Comment gérer sa jalousie et son agressivité :

La jalousie de l’aîné(e) est elle aussi parfaitement normale : le bébé, cet intrus, accapare toute l’énergie de maman et papa alors qu’il ne sait faire que dormir et manger ! Pire : il ne sait même pas jouer… alors que vous lui aviez promis un futur compagnon de jeu.
L’ainé(e) expérimente à ce moment de sa vie, souvent pour la première fois, le sentiment de « colère », qui se traduit souvent par de l’agressivité envers le bébé : les « je n’aime pas le bébé » ou « tu ne t’occupe plus que du bébé, je le déteste » sont fréquents.
Sachez aussi que la jalousie et l’agressivité ne s’expriment pas forcément dès les premières semaines; elles peuvent n’arriver qu’au bout de quelques mois. Restez vigilent et rappelez-vous qu’il finira par aimer naturellement son petit frère ou sa petite sœur, quand il découvrira que vous n’avez pas changé à son égard et que vous l’aimez toujours autant.
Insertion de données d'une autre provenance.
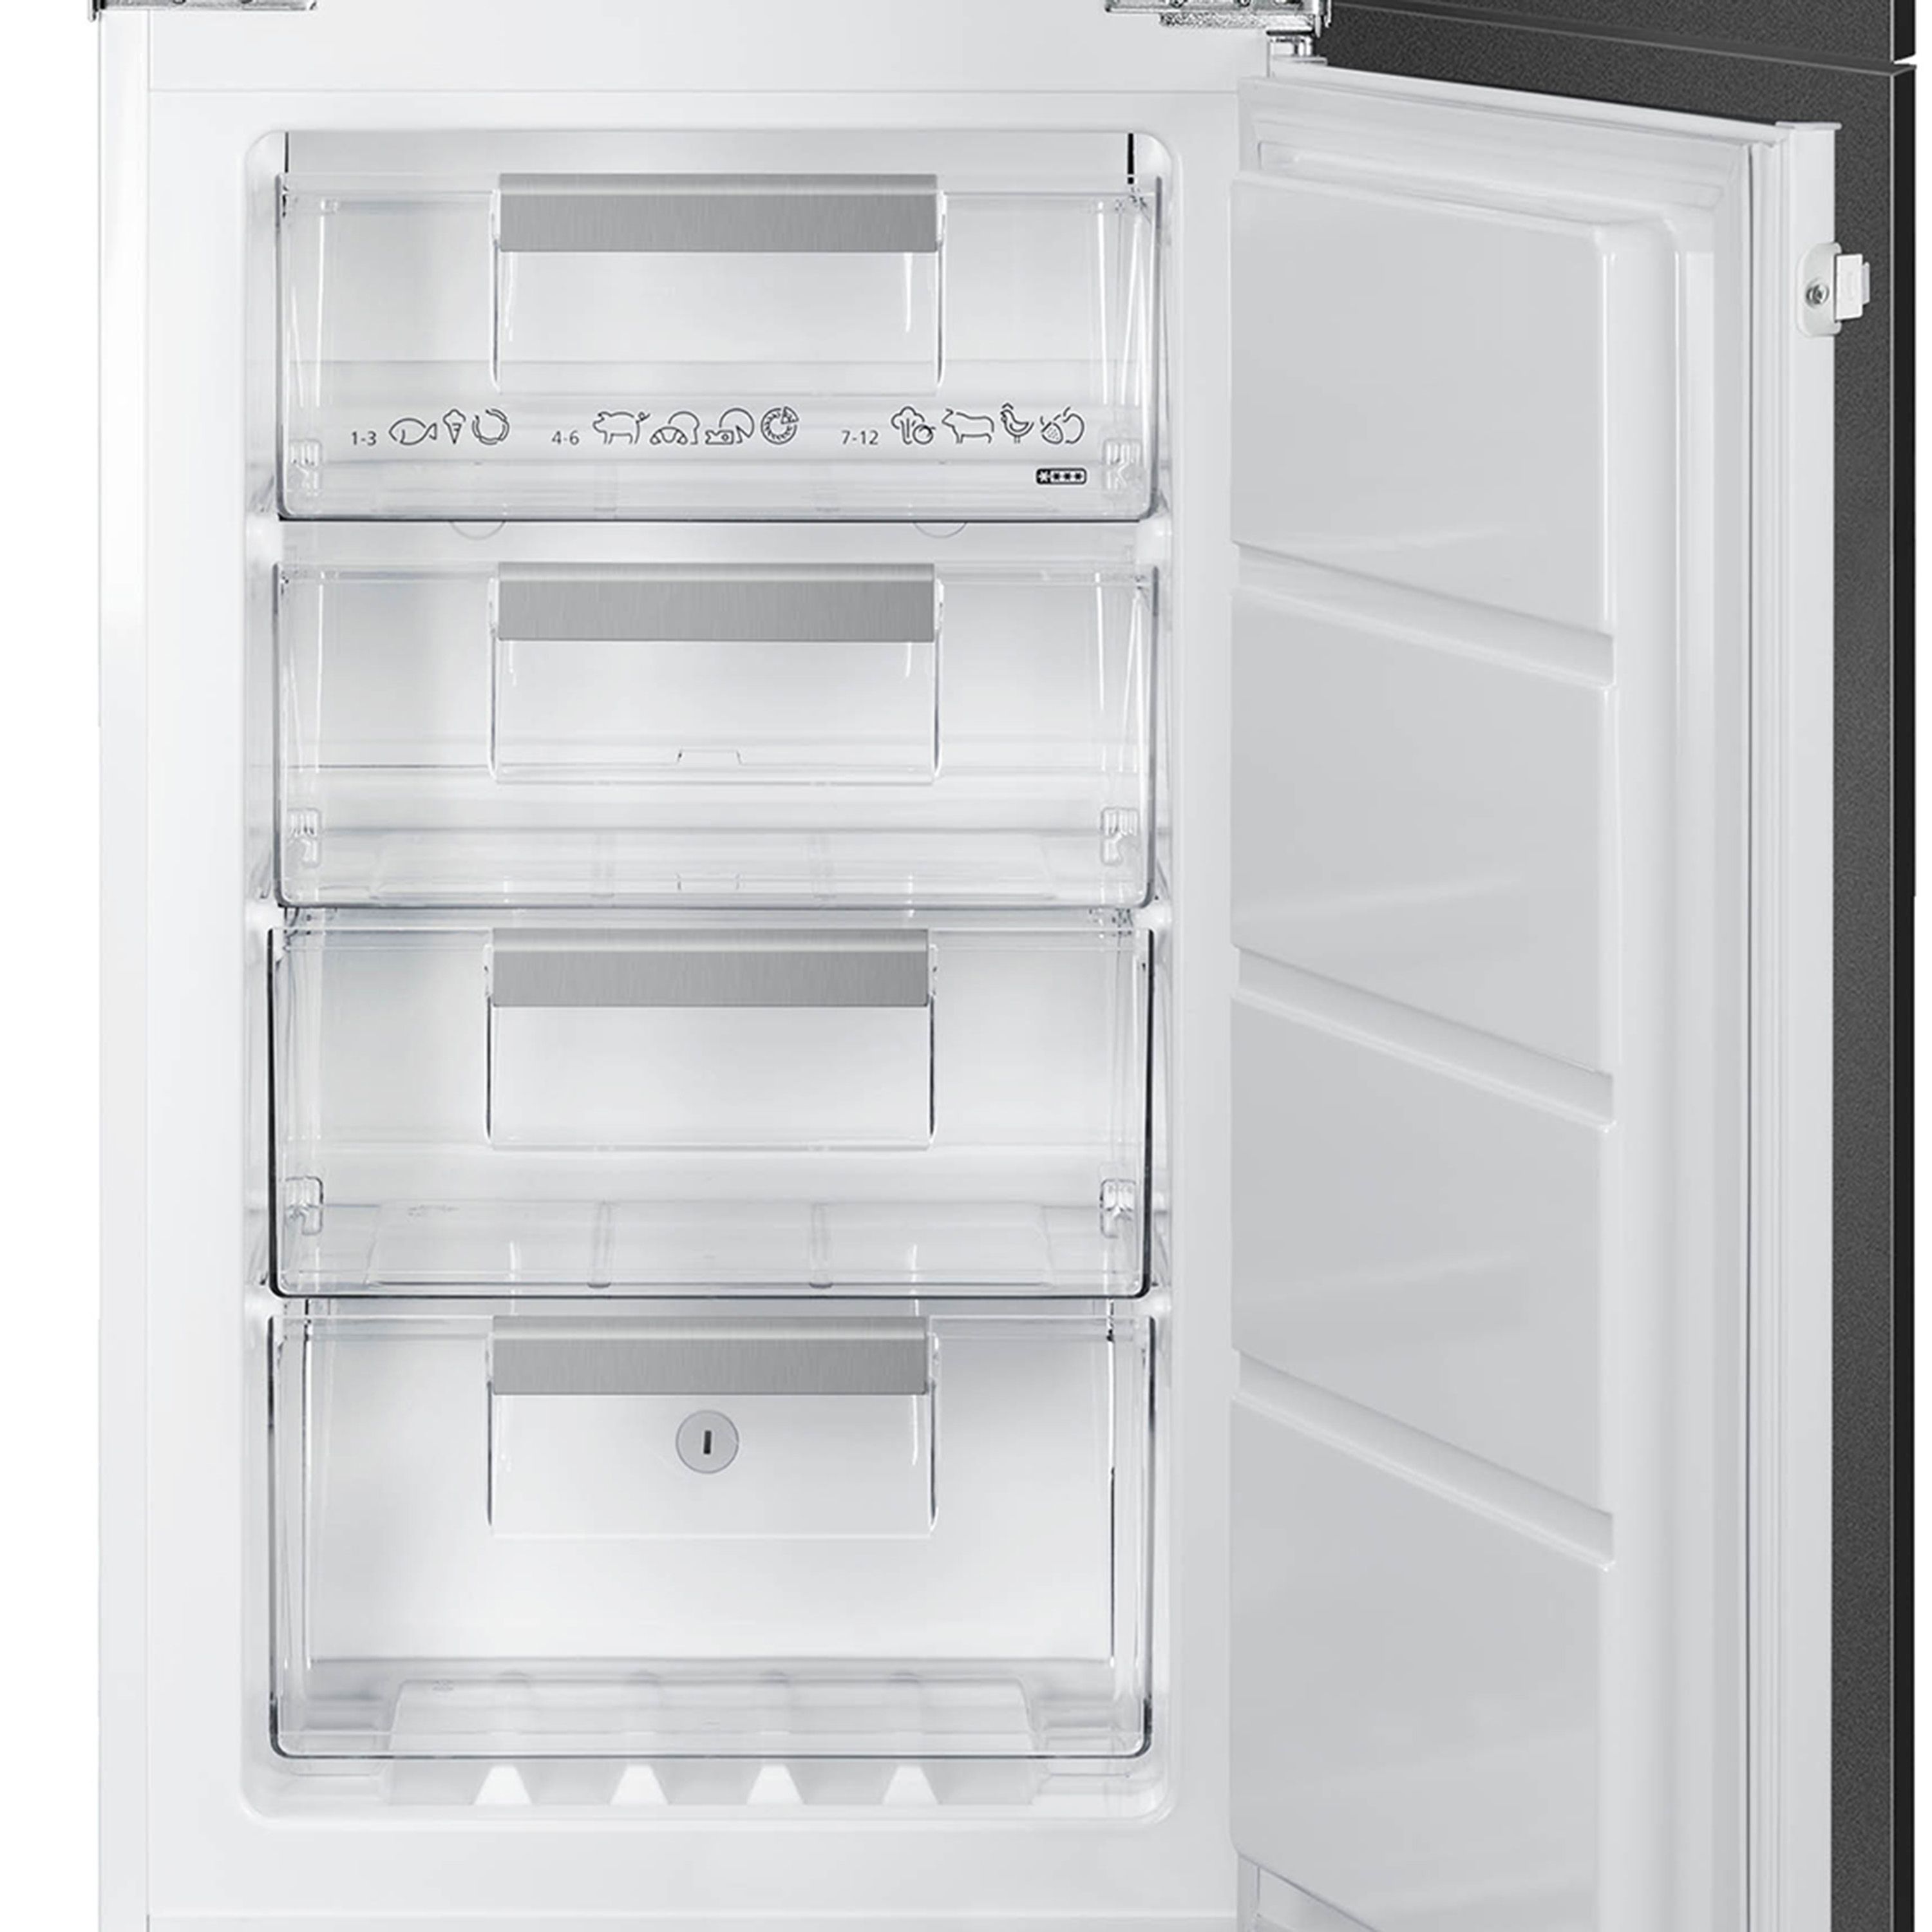 Smeg UKC8174NF_WH 50:50 Built-in Frost free Fridge freezer - White

Ce qu’il est conseillé de faire

- Aidez-le à exprimer son hostilité, posez « des mots sur ses maux » (ça vous rappel quelqu’un? J) : « tu es en colère contre le bébé parce que tu crois que nous l’aimons plus que toi, mais tu n’as pas à t’inquiéter : nous vous aimons tous les deux ».

- Faites lui bien comprendre qu’il a le droit de ne pas être content de l’arrivée de ce bébé, qu’il a le droit de ne pas l’aimer, mais qu’il n’a pas le droit de lui faire du mal. Là aussi, mettez des mots sur ses émotions : « Tu as le droit d’être en colère, nous comprenons que tu trouves ça moins bien qu’avant, mais tu ne dois pas faire de mal au bébé, nous ne l’accepterons pas. »

- Si vous sentez qu’il a besoin de « taper», choisissez avec lui une « poupée souffre douleur » sur laquelle il pourra se défouler (même si c’est un garçon).

- Dans le même esprit, pour l’aider à décharger les tensions non exprimées, proposez-lui une bataille de coussins où il pourra se défouler en les lançant avec « toute sa colère ».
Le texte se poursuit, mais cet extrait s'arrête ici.